Along the parade route, bodyguards ferried several babies from behind police barricades to the Jeep for pontifical kisses. At one point, a young girl in pigtails and tennis shoes tried to approach the popemobile. Security guards tried to shoo her back, but Francis motioned her over and bestowed a kiss and blessing.
In the afternoon, outside the National Shrine of the Immaculate Conception, the nation's largest Roman Catholic church, the pontiff made a reality the decades-stalled sainthood of Junípero Serra, who founded nine of the 21 missions strung along the Pacific coast and baptized or confirmed thousands of Native Indians.
It was the first Mass of his first-ever U.S. visit -- a three-city, six-day tour, that features an address to a joint meeting of Congress Thursday morning and several stops in New York City and Philadelphia.
"We are heirs to the bold missionary spirit of so many men and women who preferred not to be shut up within structures which give us a false sense of security . . . within habits which make us feel safe, while at our door people are starving," Francis said.
He praised Serra: "He was the embodiment of 'a church which goes forth,' a church which sets out to bring everywhere the reconciling tenderness of God."
The Mass drew an outdoor crowd estimated at 25,000 people, many of whom arrived hours early.
Deborah Dudleyno age, of Pomfret, Maryland, said the chance to see the canonization of the first saint on U.S. soil is "in itself a wonderful thing."
But there's more to it than that, even beyond words, she said.
"I am here for the experience of how powerful the presence of the Holy Spirit will be felt," Dudley said. "He's actually what our faith needed, because he's very caring and compassionate and shows it.
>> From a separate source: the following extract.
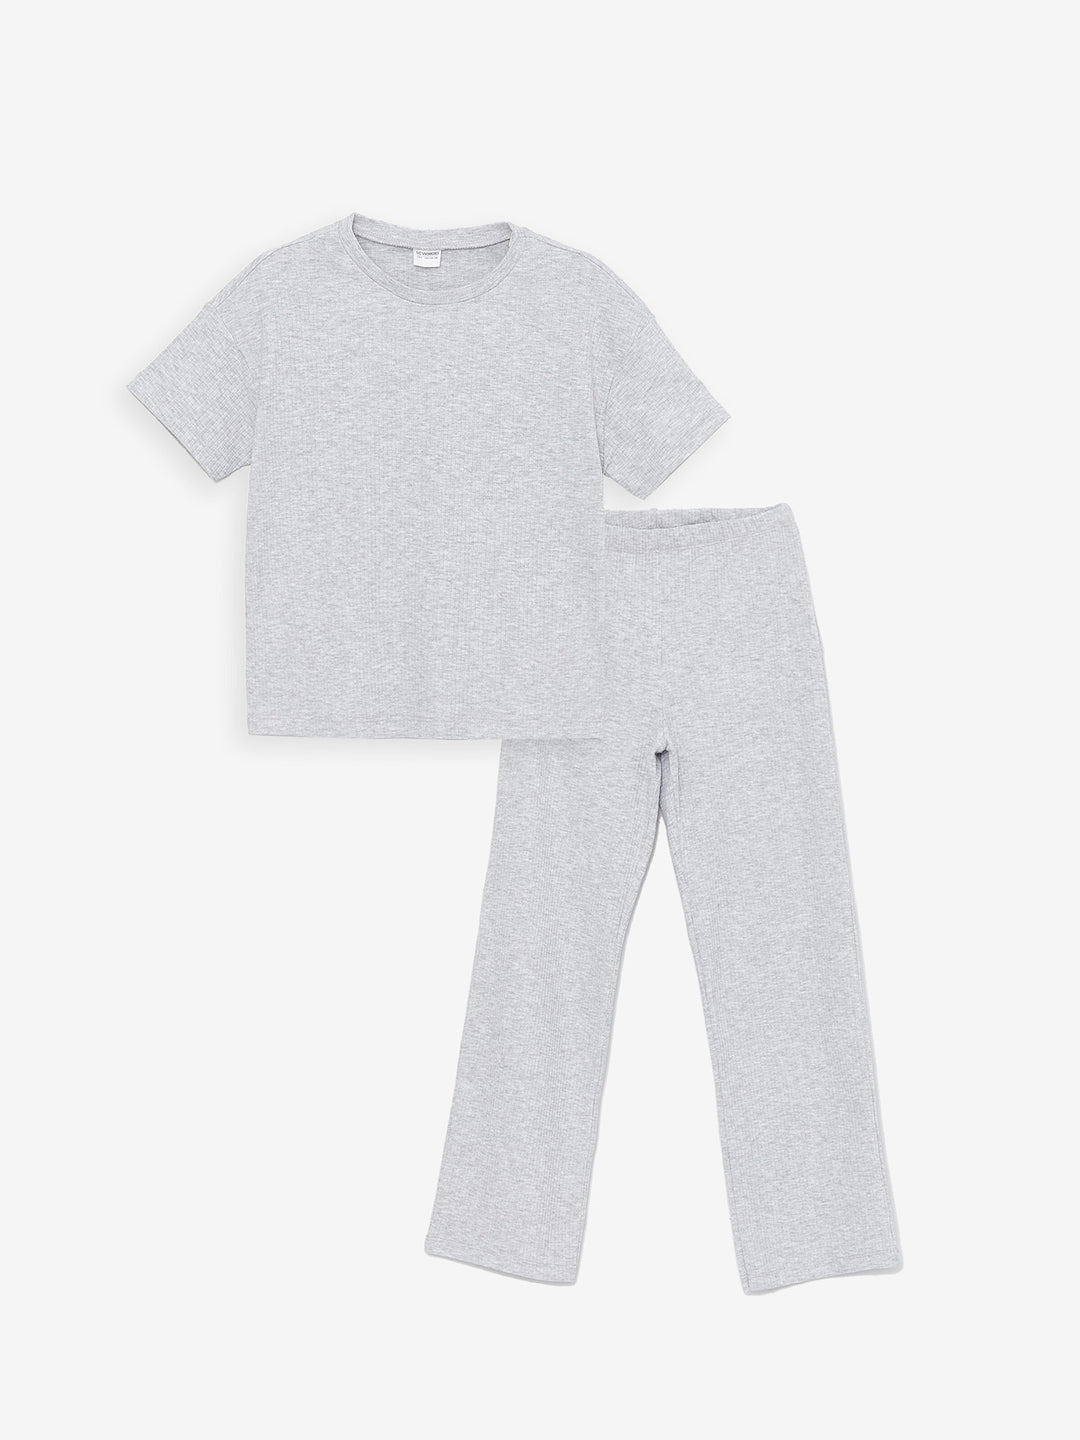 Crew Neck Short Sleeve Girls Pajama Set

He doesn't talk about faith; he lives it."
Many Hispanics made a point to go to the Mass, where they would not only meet the first Latin American pope but would also hear him speak in Spanish.
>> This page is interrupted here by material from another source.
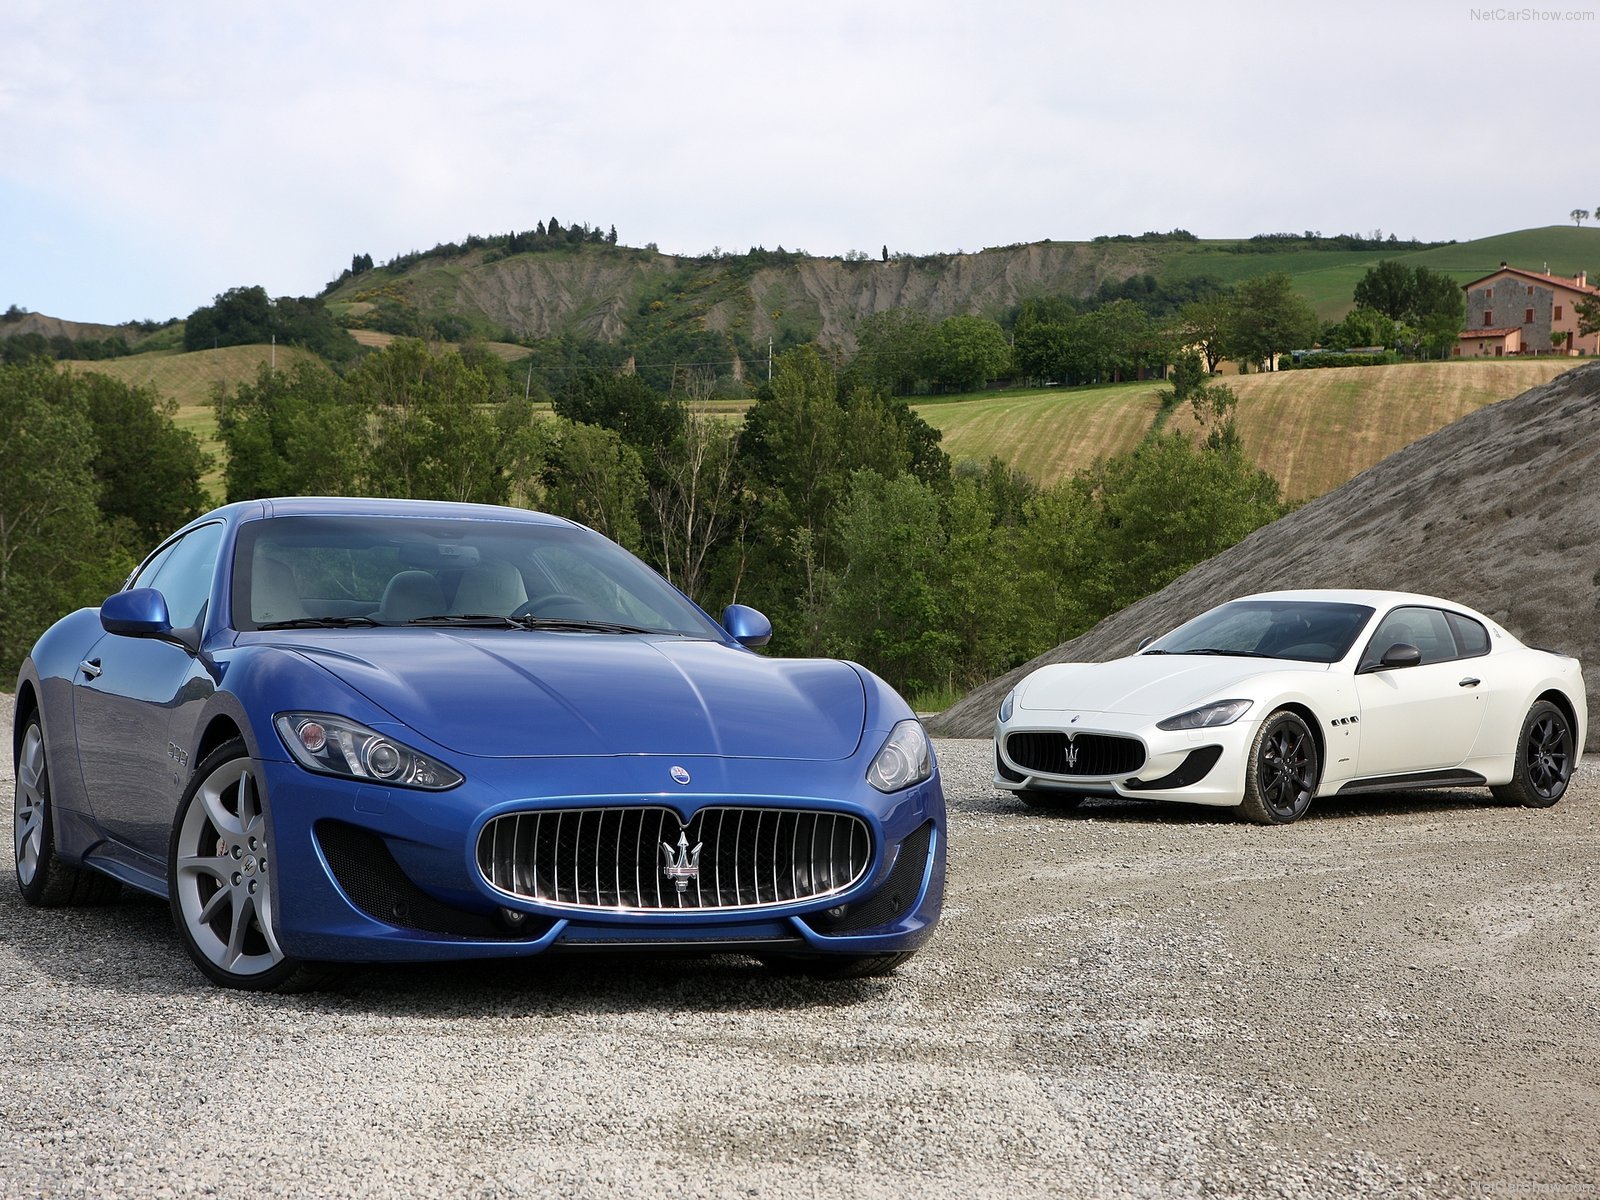 2013, Maserati, Gran, Turismo, Sport, Cars, Blue Wallpaper

"It would be a sin not to come see him when we're just a few Metro stations away," said Patricia Mejía, 42, who is Salvadoran and works as an analyst for a government labor office. She worships at a parish in Silver Spring, Maryland.
The pope, she said in Spanish, brings "a message from God that we can be better and that the most marginal and rejected people in society are to be accepted and cared for by all of us."